Il terrorismo è l’ultimo stadio della

Violenza. La povertà ne è il primo.

La mancanza di cultura porta alla

Lettura deviata dei testi religiosi.

Su questi detonatori prospera il

proselitismo dell’ ISIL.    ( Rachid Ghannouchi )                             

 

Premessa

 Nella mia precedente riflessione ho attirato l’attenzione sull’espansione territoriale dell’idra jihadista e su come i jihadisti dell’ISIL continuino, a distanza di più di un anno, a occupare  vasti spazi della Siria nord-orientale e dell’Iraq nord-occidentale, mantenendovi un sistema oppressivo di governo, del quale le donne sono le principali vittime, basato sulla versione più severa ed intrattabile della legge coranica o sharia.

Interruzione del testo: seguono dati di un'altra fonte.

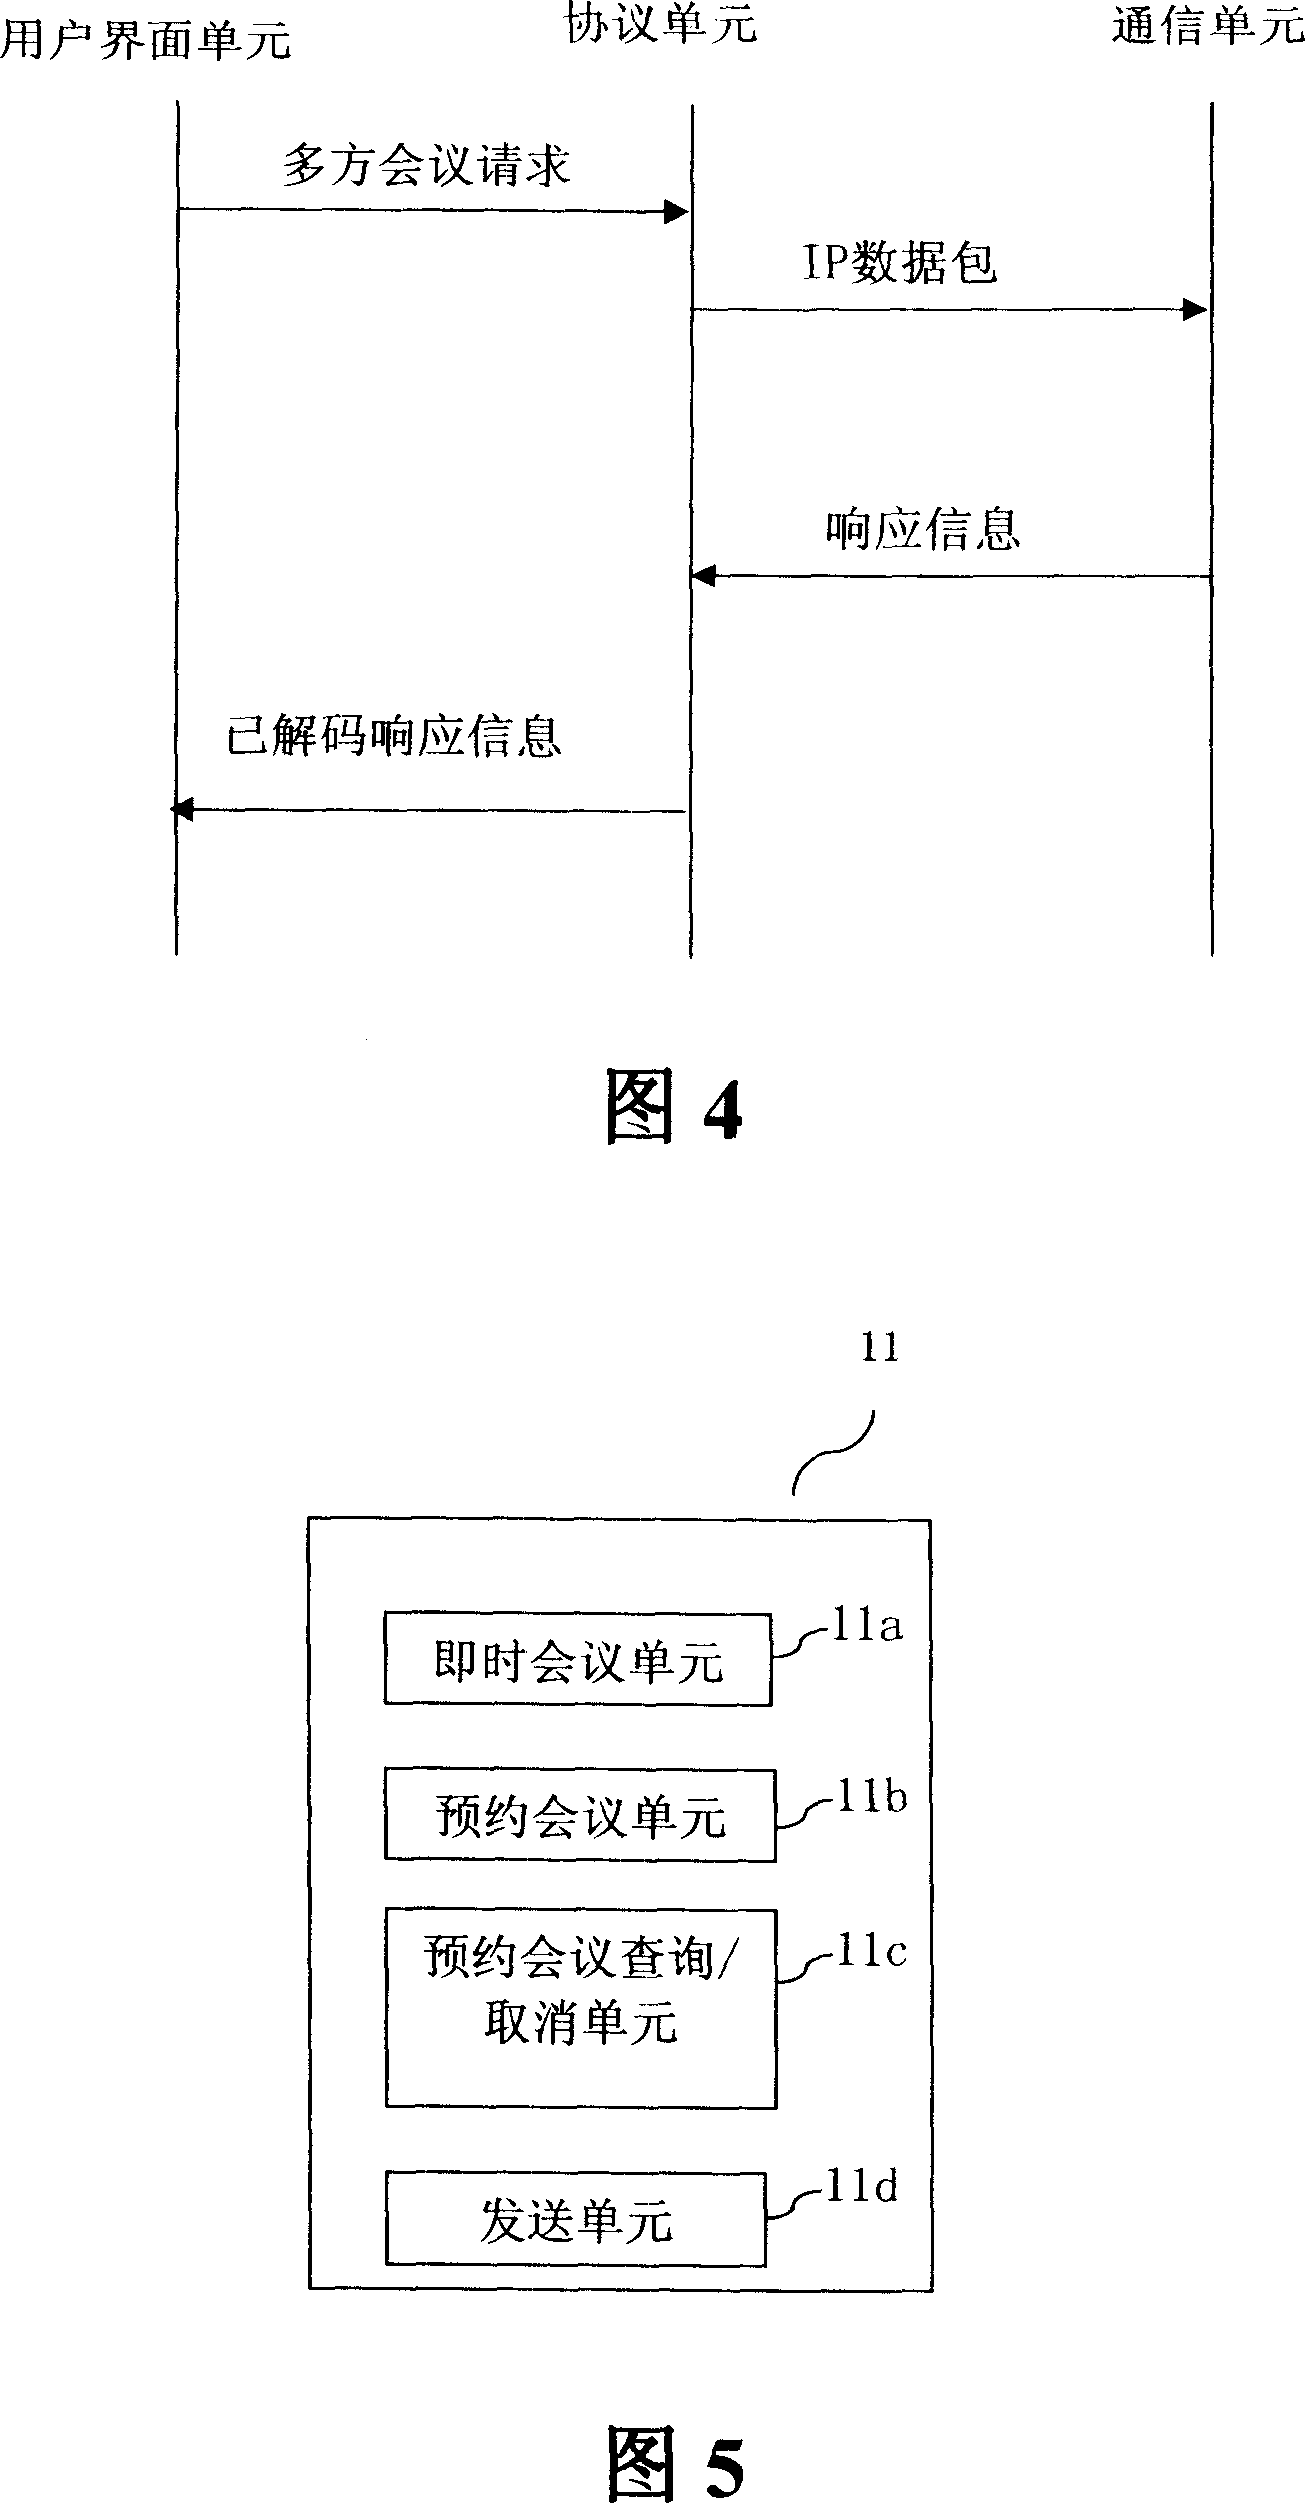 A multi-party conference device and multi-party conference system and method

Abbiamo altresì visto come la risposta militare dell’Occidente non si sia fatta attendere ma come essa non abbia interamente sortito gli effetti sperati[i], anche per i pesanti condizionamenti diplomatici di cui gli Stati Uniti sono tributari nell’area medio-orientale da parte di Potenze regionali, in primis l’Arabia saudita e la Turchia, che perseguono obiettivi  non propriamente  collimanti con quelli perseguiti da Washington e dai suoi alleati europei; condizionamenti, tuttora persistenti, che spiegano le incongruenze della posizione americana nonché in larga misura certe apparenti esitazioni.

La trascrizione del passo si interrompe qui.